AIM OF THE EXERCISE
Without any of its pictures, the listing below should be output exactly.

DATA PROVIDED

============

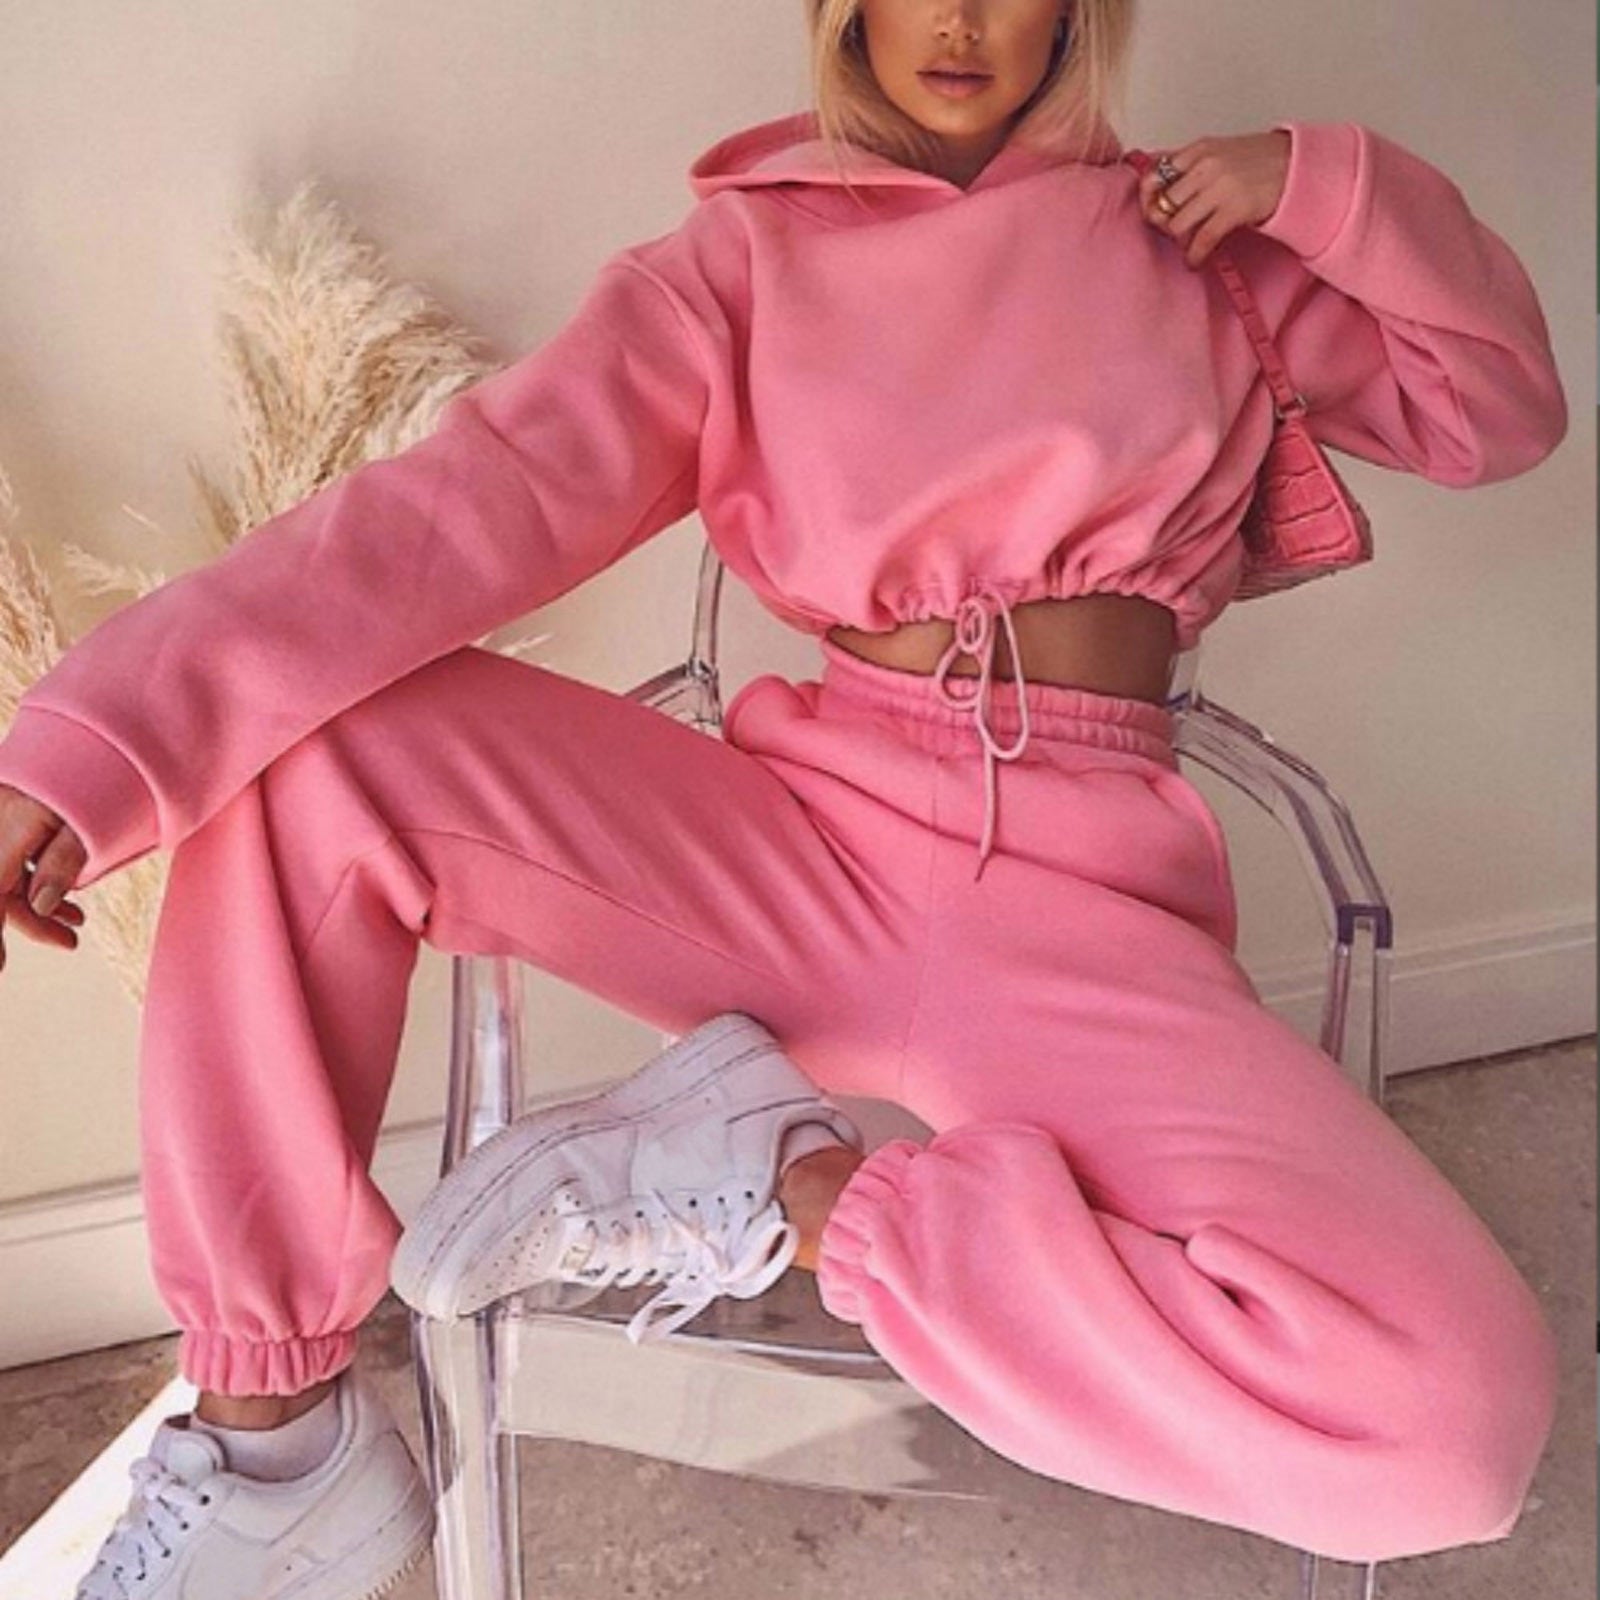 Pink - Jogging Suits For Women - womens sweatsuit at TFC&H Co.
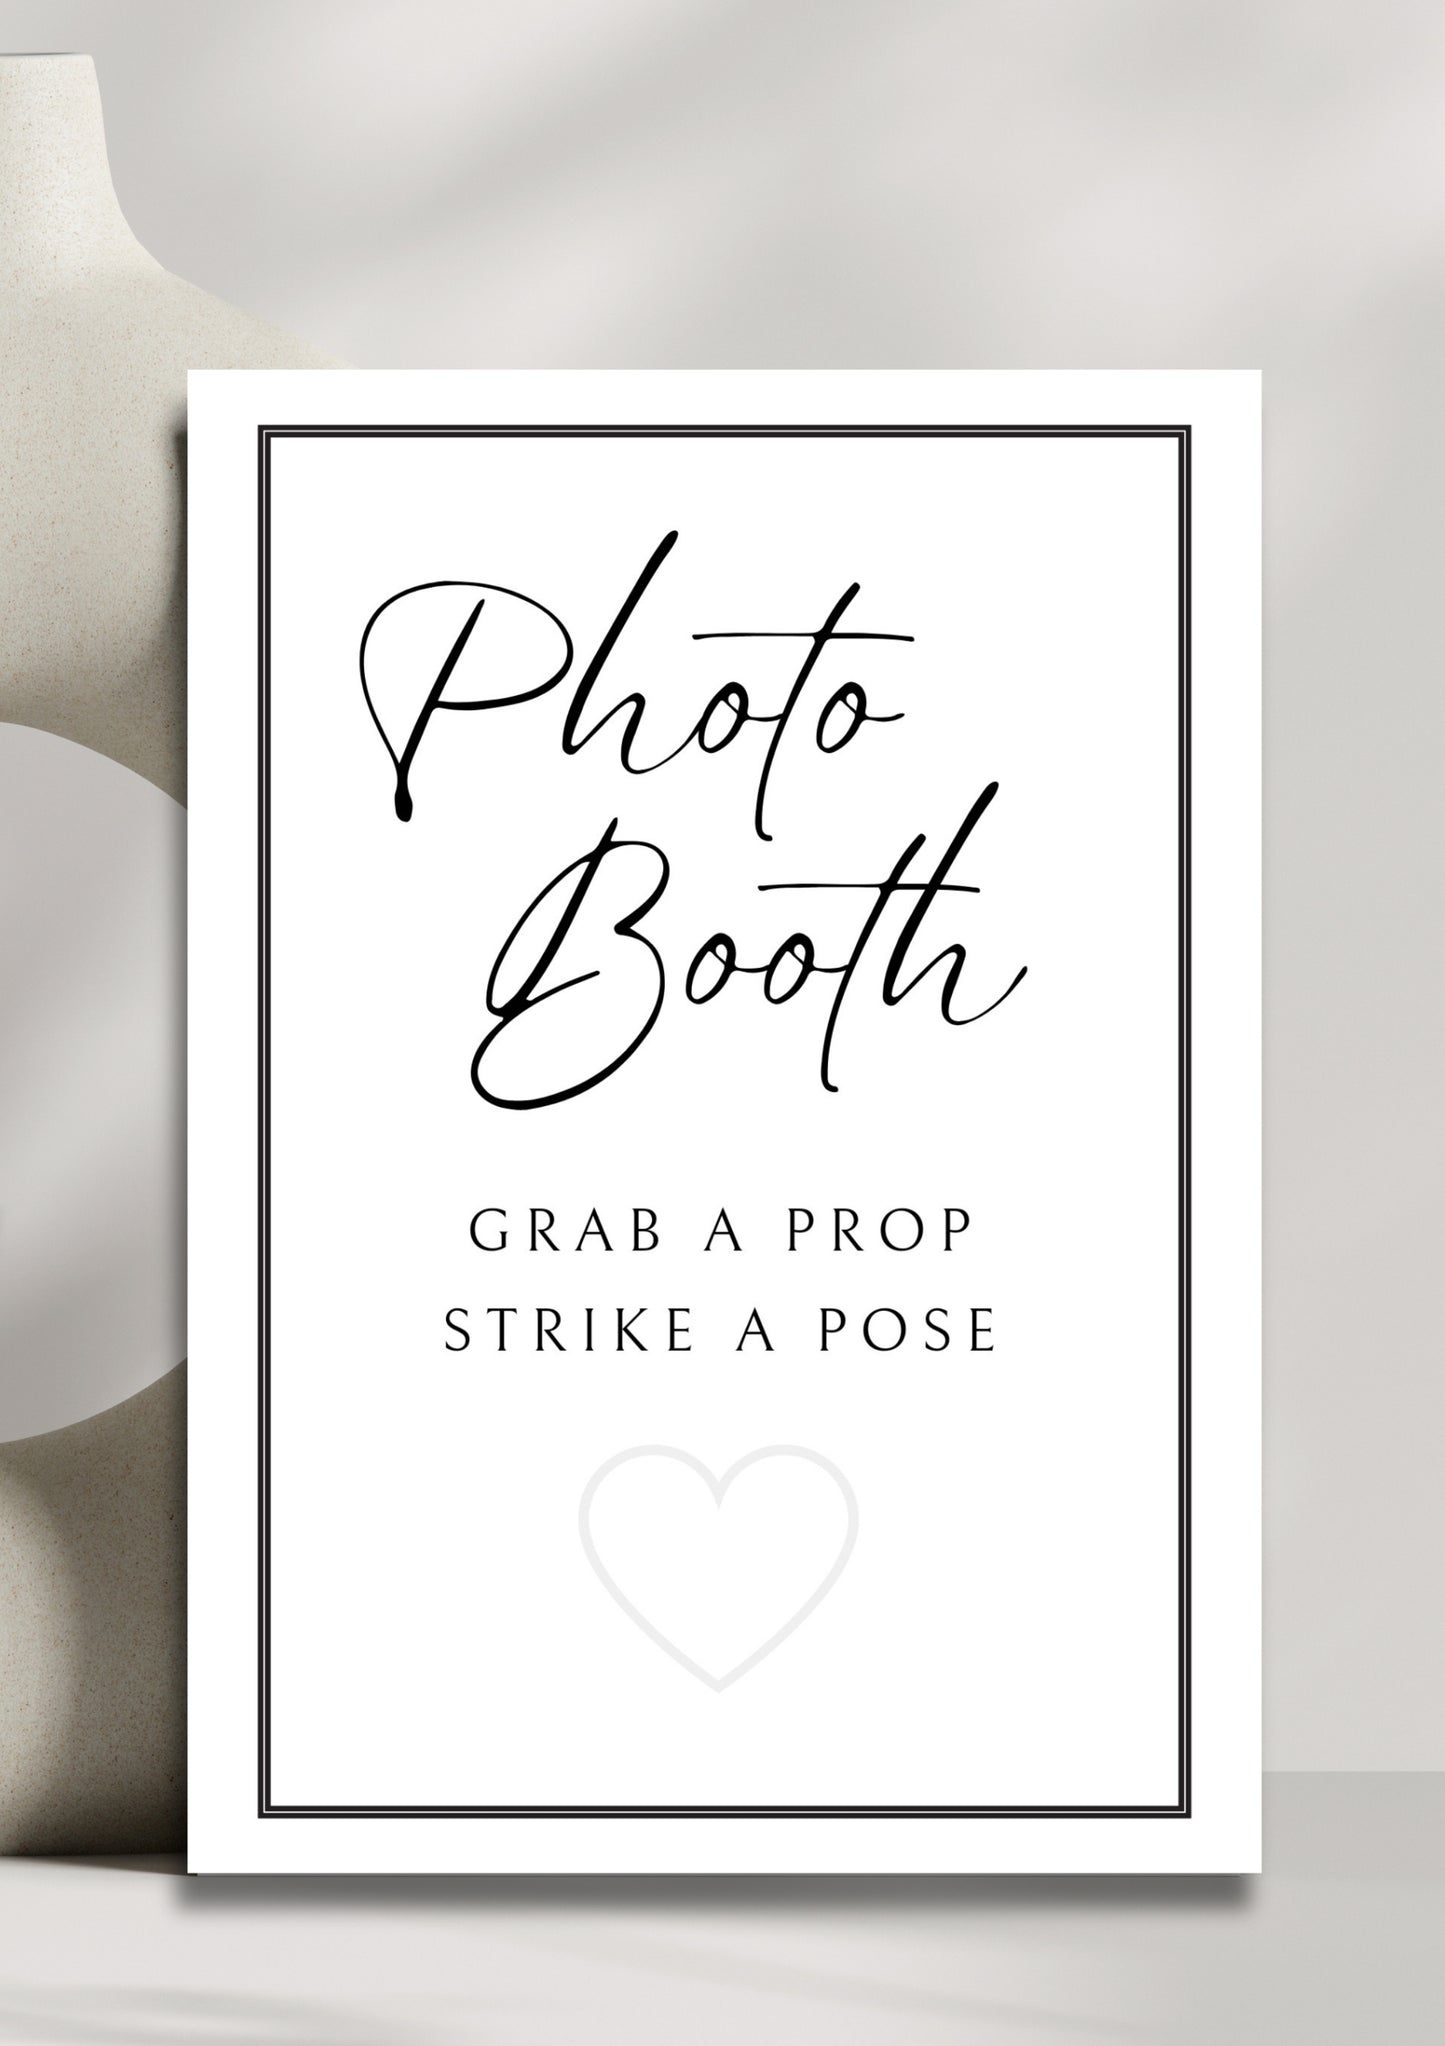 White stone collection - Photo booth sign
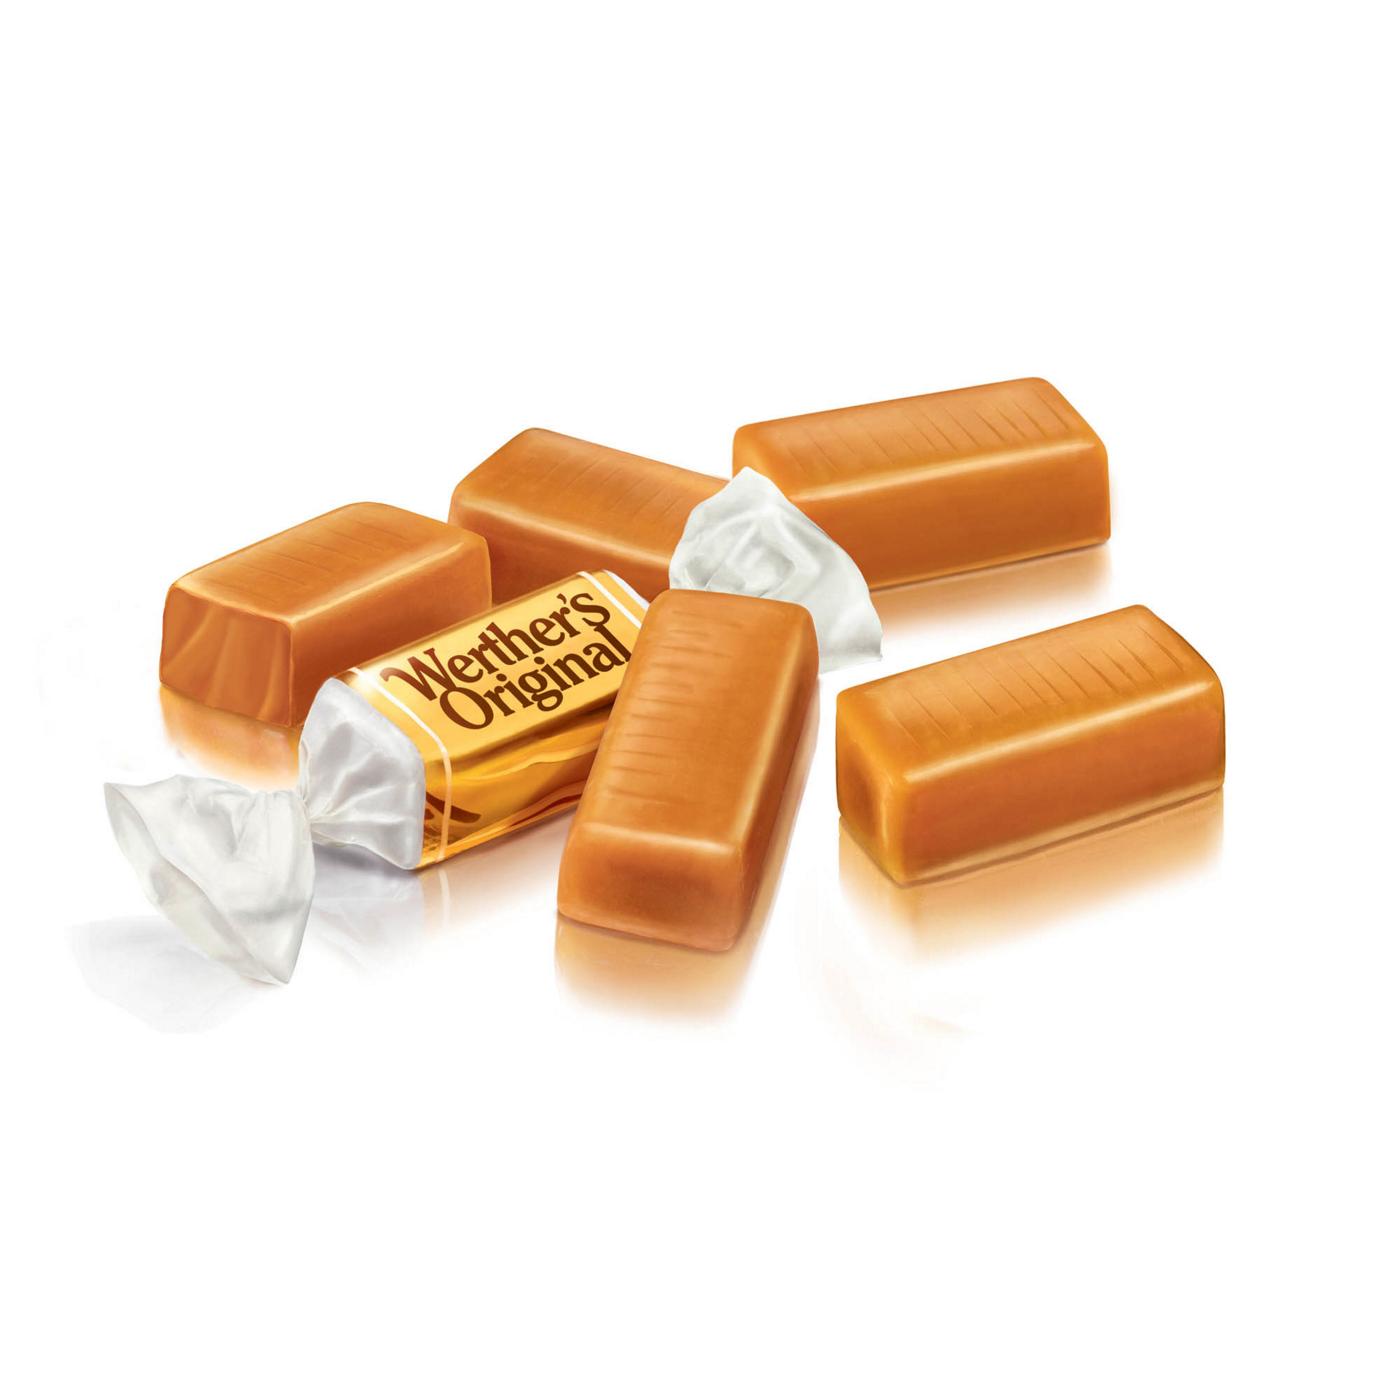 Werther's Original Chewy Caramel Candy; image 6 of 6

============

TASK SOLUTION
 Pink - Jogging Suits For Women - womens sweatsuit at TFC&H Co.
 White stone collection - Photo booth sign
 Werther's Original Chewy Caramel Candy; image 6 of 6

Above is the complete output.